Emma Gonzalez Uses Her Silence

Here is a another design honoring Emma González. My first highlighted her fierce use of words. This design highlights her fierce use of silence. It is compelling to be making these messages as history is unfolding. I finished this design on April 6, 2018.

FIGHT for your LIFE — #FemalePowerProject perSISTERS poster honoring Emma González (part 2)

The image of González’s profile is based on an Instagram photo posted by one of her high school comrades and fellow activist, David Miles Hogg, who is also a stunning and wise speaker. His account is at https://www.instagram.com/davidmileshogg/

Emma González and many of her comrades have embarked on a passionate and wise campaign to reform gun laws in the U.S. They were responsible for organizing one of the largest marches in U.S. history, the “March for Our Lives,” on March 24, 2018 in Washington DC. It was too big for a march, in the same way the Women’s March of 2017 was too big. People were crowded together in the allotted space and we couldn’t move from one point to another as a group.
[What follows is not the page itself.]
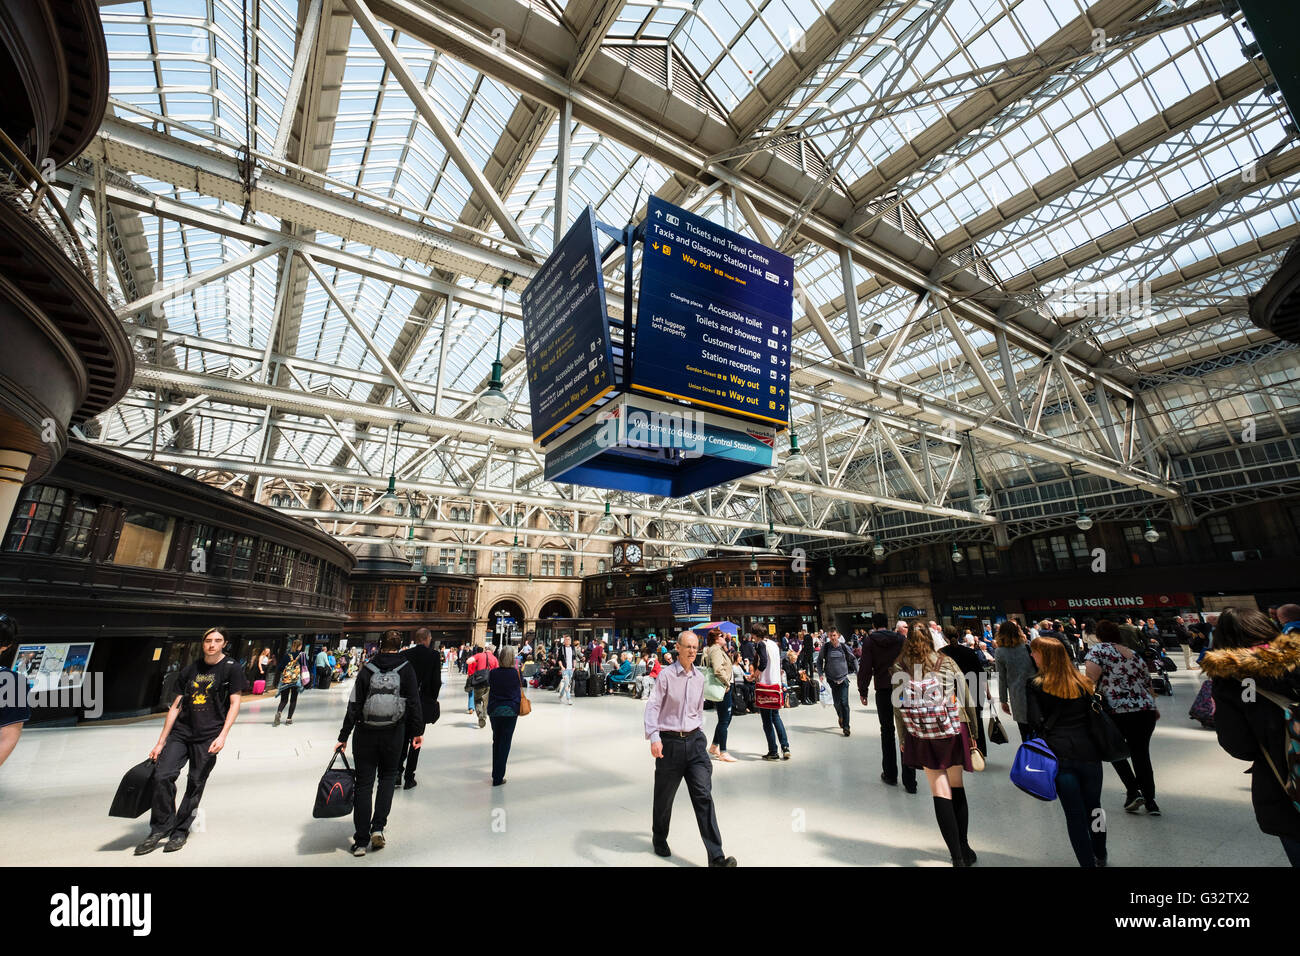 belebten öffentlichen Halle an Glasgow Central Station in Glasgow, Vereinigtes Königreich Stockfoto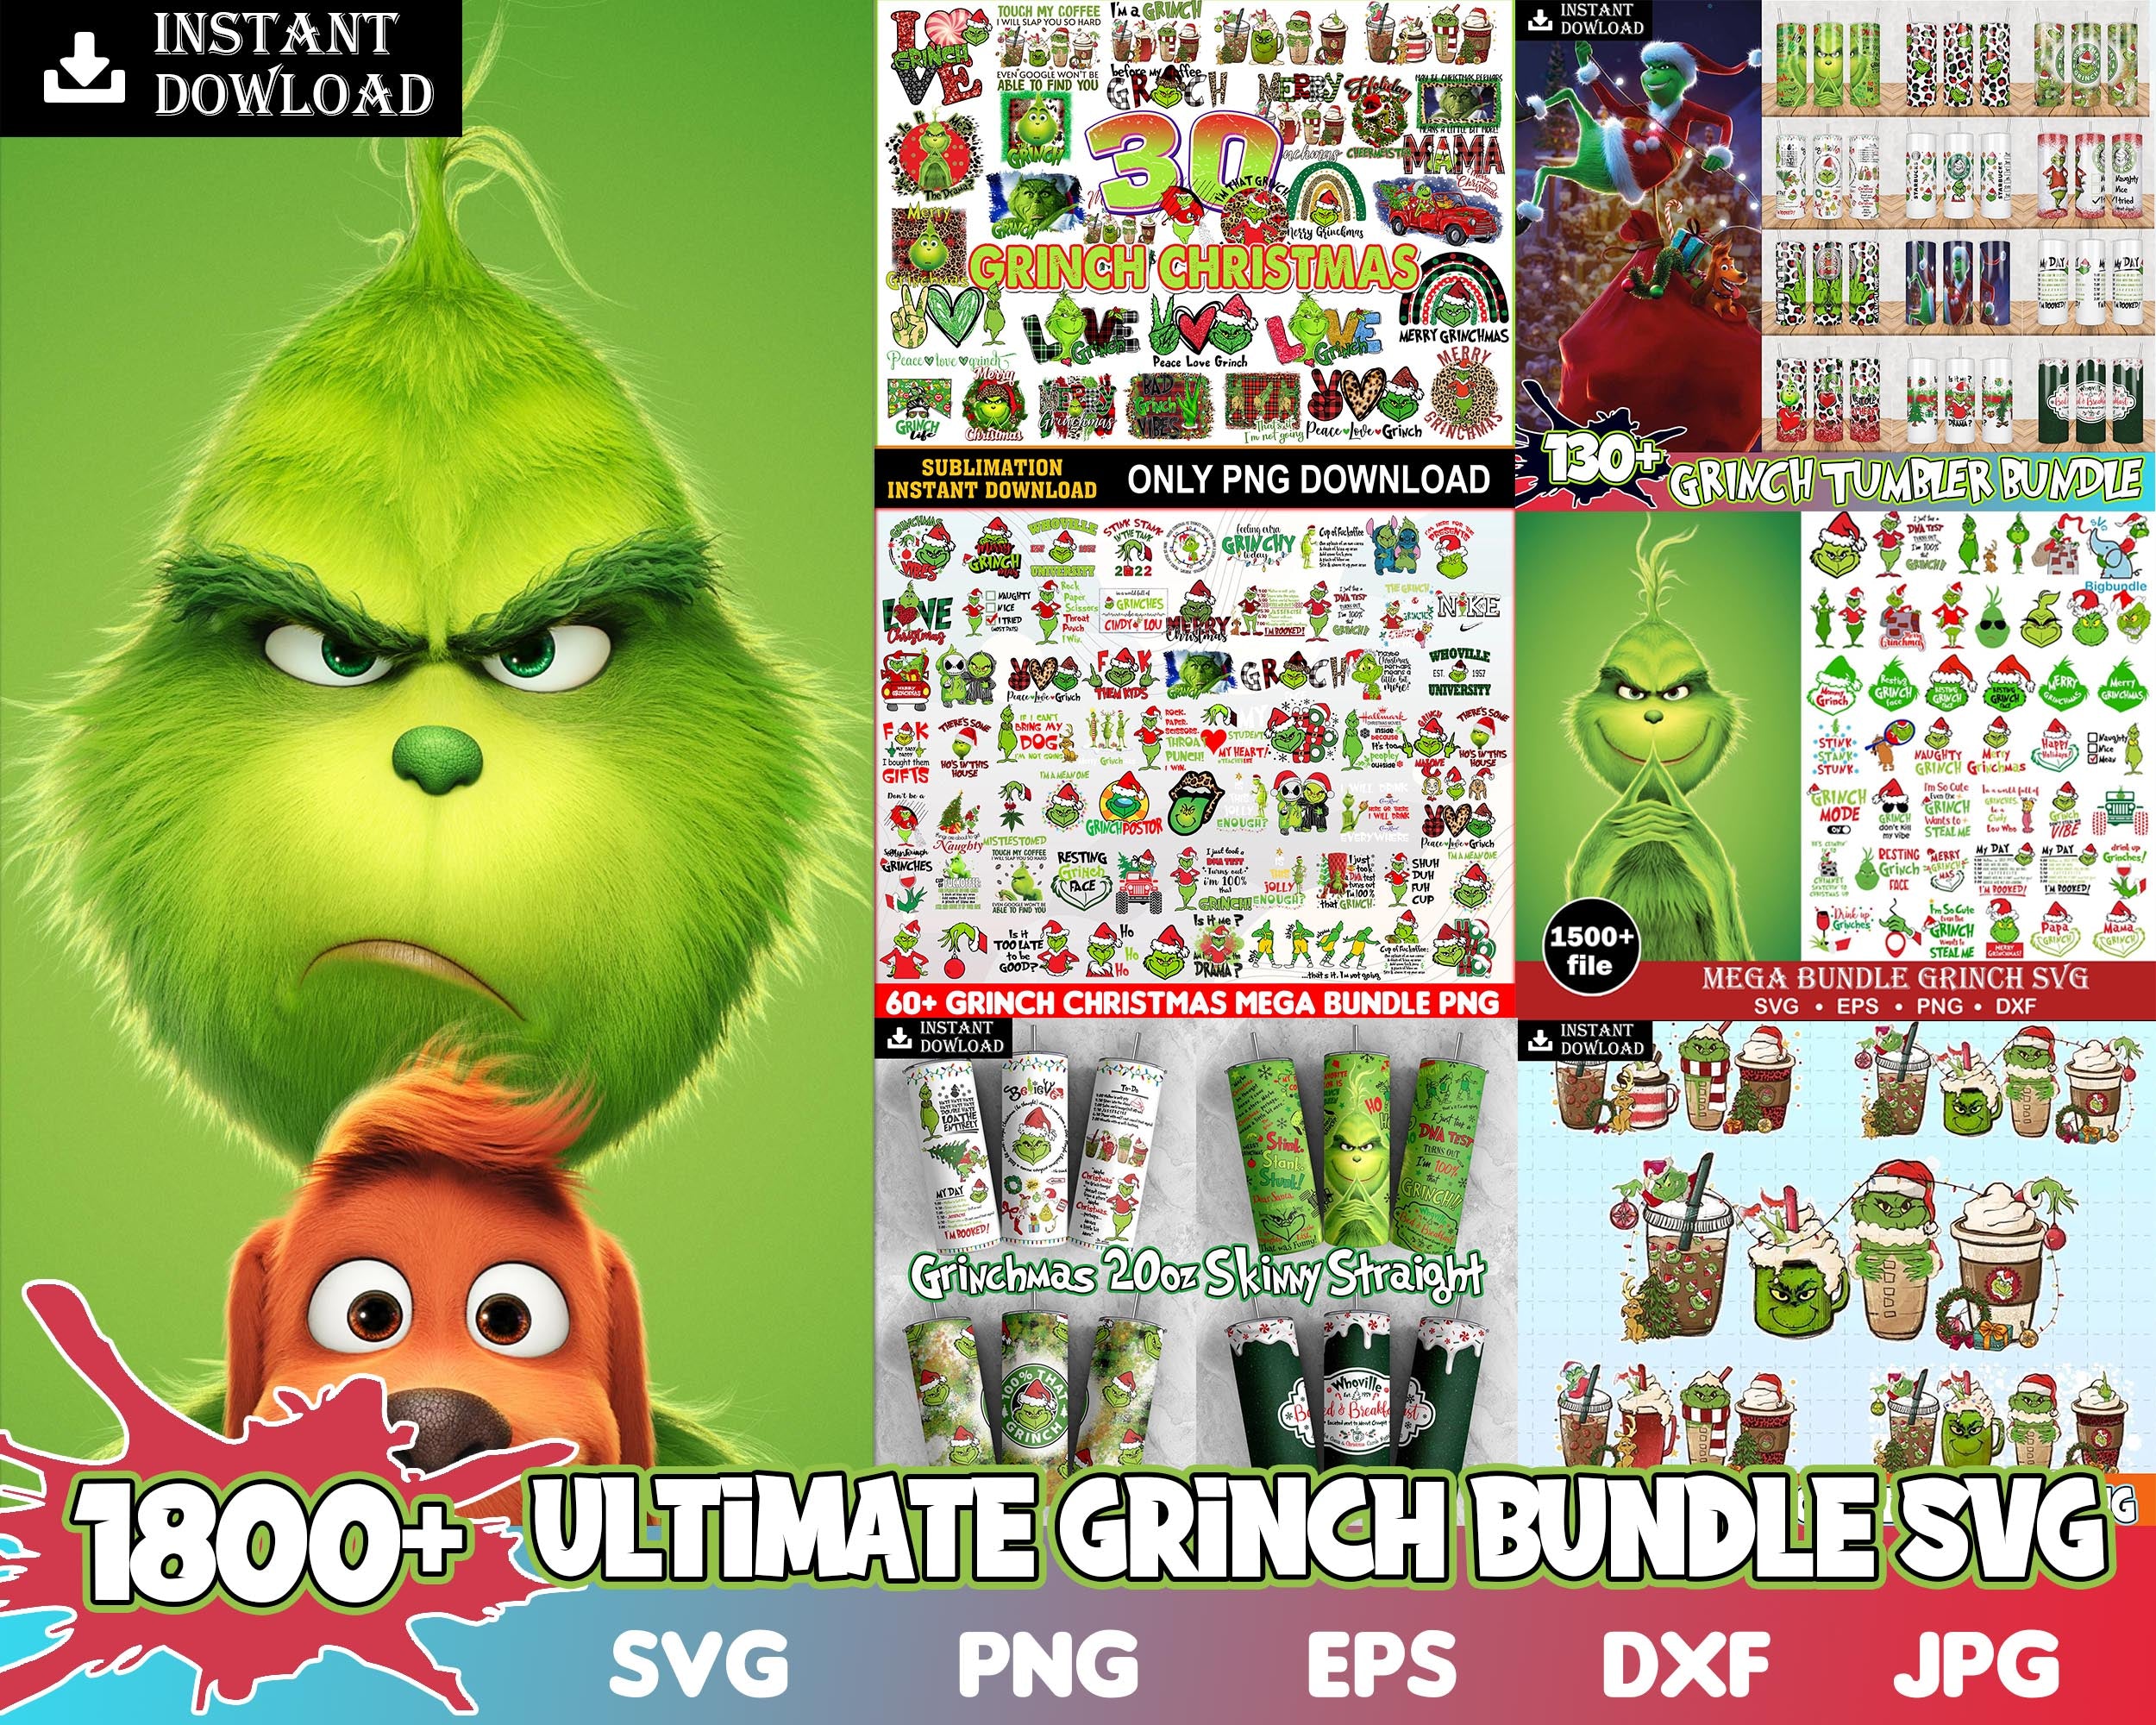 1800+ Ultimate Grinch Bundle SVG, Grinch SVG, Grinch Cutting Image, Christmas Grinch svg png eps dxf jpg

We stayed put and it was rivetting to watch these young people (all young people!) perform their conviction and trauma on stage and screen.

Many Parkland students and young guests spoke well. Emma González was stunning because she held a silence after her short speech, so that her time on stage aligned with the time it took for the murderer to end the lives of 17 people and injure 14 others: approximately six minutes and 20 seconds.

To recap the context:
From Wikipedia and http://time.com/5160267/gun-used-florida-school-shooting-ar-15/
On February 14, 2018, from 2:21pm to 2:27pm, 19-year-old Nikolas Jacob Cruz murdered seventeen people at Marjory Stoneman Douglas High School in Parkland, Florida. Fourteen more were injured. He used a legally bought AR-15 semi-automatic style weapon during the massacre, law enforcement officials told the Associated Press. The highly deadly military-inspired rifle has been the weapon used by several mass shooters. The AR-15 was most notably used during the 2012 shooting at Sandy Hook Elementary School in Newtown, Conn. that claimed 27 lives, including that of the shooter. AR-15-style rifles have been used in recent mass shootings in Aurora, Colo.; Santa Monica and San Bernardino, Calif.
The AR-15 was classified as an “assault-style” weapon and outlawed under the assault weapons ban that lapsed in 2004.

About González’s silence:

From https://www.motherjones.com/politics/2018/03/emma-gonzalez-is-responsible-for-the-loudest-silence-in-the-history-of-us-social-protest/
by Ari Berman

“Six minutes and about 20 seconds. In a little over six minutes, 17 of our friends were taken from us.” That’s how Emma Gonzalez, a senior at Marjory Stoneman Douglas High School and one of the organizers of the March for Our Lives, began her remarkable speech on Saturday afternoon at the rally in Washington, DC.

After reading the names of her classmates who were killed in the mass shooting, Gonzalez stood at the podium in silence for six minutes, fighting back tears. It was an incredible, chilling moment. All of the major cable networks carried it live. “Loudest silence in the history of US social protest,” my colleague David Corn tweeted.

“Never again,” many in the crowd of 500,000 chanted in response. After her timer went off, Gonzalez said, “since the time when I came out here, it has been six minutes and twenty seconds. The shooter has ceased shooting and will soon abandon his rifle, blend in with the students as they escape, and walk free for an hour before arrest,” she said. “Fight for your lives before it’s someone else’s job.” And then she left the stage.

MY EXPERIENCE AND DESIGN NOTE

It didn’t take us long in the crowd to realize what she was doing. If you’ve ever worked in radio you know that broadcasting silence is probably worse than cussing on air. Everything said before this was predictable, except maybe Yolanda; this is not to say meaningless. We know how we are supposed to feel. There can be a banality to the expected emotions of outrage. I have been persistently outraged for a long time. It is hard to hold that authentically for so long. The crowd was uncomfortable in the silence, and I extended my imagination over the crowd to feel their discomfort, to hold it present there, as well as my own. Some people felt moved to chant for change. I felt that too. Nervous laughter. That sort of thing. It was about the not knowing. And then something like a sigh when I heard the timer go off. It sounded like the timer on our old microwave. Done. This was about the feelings of the survivors. She stood there in her pain and the thousands of us could share it only insofar as we are individually able. This is about trauma.

In the process of building this design, it was very hard for me to leave that big white profile unembellished. I went through several versions with something in the space of González’s profile, and each time I told myself, “No. It is silence.” White space on a page correlates with silence when speaking. The words in the background of this design are from González’s spoken words, before she stood silent.